Part of the job description for being an American today is the ceaseless accumulation of crap, compounded by the ever-increasing giving of one's time to some screen filled with words, video, or work to do. This can and does become a spiral of dizzying glaze, a subtle anxiety bubbling up or threatening to if the television is not on or the email isn't pulled up or the phone isn't open or the iPod isn't humming. Because: what if we missed something? What if we aren't being entertained? What if there is silence?
Like so many others in this situation, my wife and I are intermittently but perpetually involved in simplifying our life. We have been especially convicted as of late, and have begun to take steps seriously to diminish the role and time-consuming power technology has in our life. For example, we got rid of one of our TVs (the one in the bedroom), and are requesting that our cable service shift from the 80-odd channels we currently receive to the handful of basic network channels. We considered getting rid of cable or the TV altogether, but because we would like to have the news as an option, alongside special televised events (the Super Bowl, the Oscars, elections), and also because we value the visual medium as an art form (films, of course, as well as quality shows like The Wire or Battlestar Galactica), we decided to keep them, at least for now.
We also got rid of one of our two laptops, but that was because it broke.
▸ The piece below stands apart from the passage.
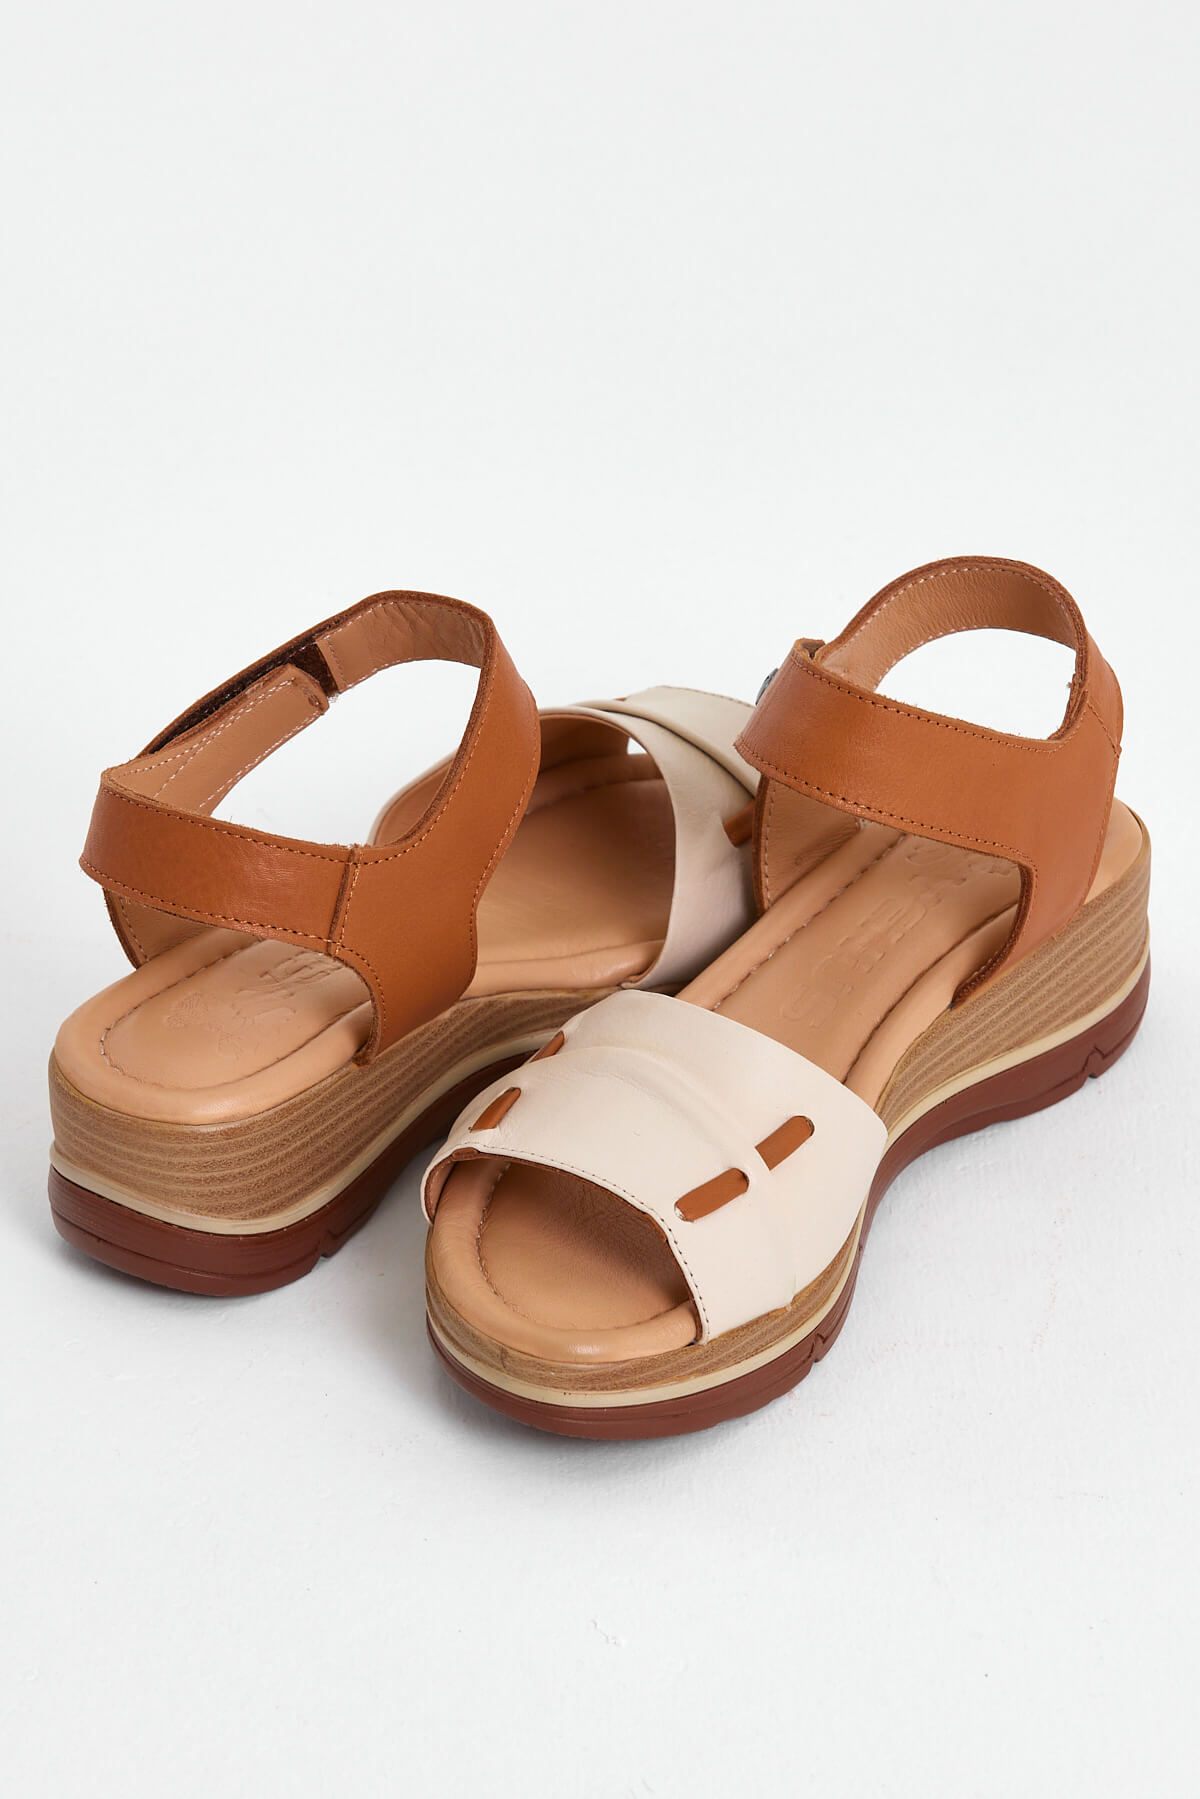 Kadın Comfort Deri Sandalet Bej 2313402Y

It has been a blessing, however, only having one computer, and now we have discovered (belatedly, it seems) a most wonderful tool for limiting our computer time: Freedom.
Freedom is only for Mac OS X, so PC users will have to look elsewhere, but it has already been a gift to these two members of the internet generation. Put simply, Freedom disables your computer's ability to get on the internet for the amount of time you tell it, up to eight hours. If you must get back on, you can simply restart the computer and the internet will be up and running for you.
The idea is that we are all unwittingly addicted to the internet. Email, Facebook, MySpace, Twitter, ESPN, blogs, news, politics, opinion, whatever. We have lost the ability either to get any real work done on a computer without getting endlessly sidetracked or simply to do something offline, away from the computer, without feeling the nagging urge to "check our sites."
Enter Freedom, which is a kind of hopeful question mark on the possibilities of technology to check itself. Freedom offers the opportunity to learn the habits of healthy technological engagement, to form ourselves in a way that, in partnership with a program on our computer, we might learn to live life away from the computer. Of course, if we are so undisciplined that we will simply restart the computer to get the internet back, it won't be of any help. But on the other hand, if we can click "180 minutes" on Freedom, close the computer, and turn to other business, we might just feel liberated enough to know that a book, a person, a walk, or a prayer has our entire, unworried self for a whole three hours. Such attentiveness is surely the first step in a long-term rehabilitation from the virtue-sapping idol our television, computer, and cellular screens often become, a healing that might lead us to a place that creates and employs technology not to the detriment, but in the service of, human life.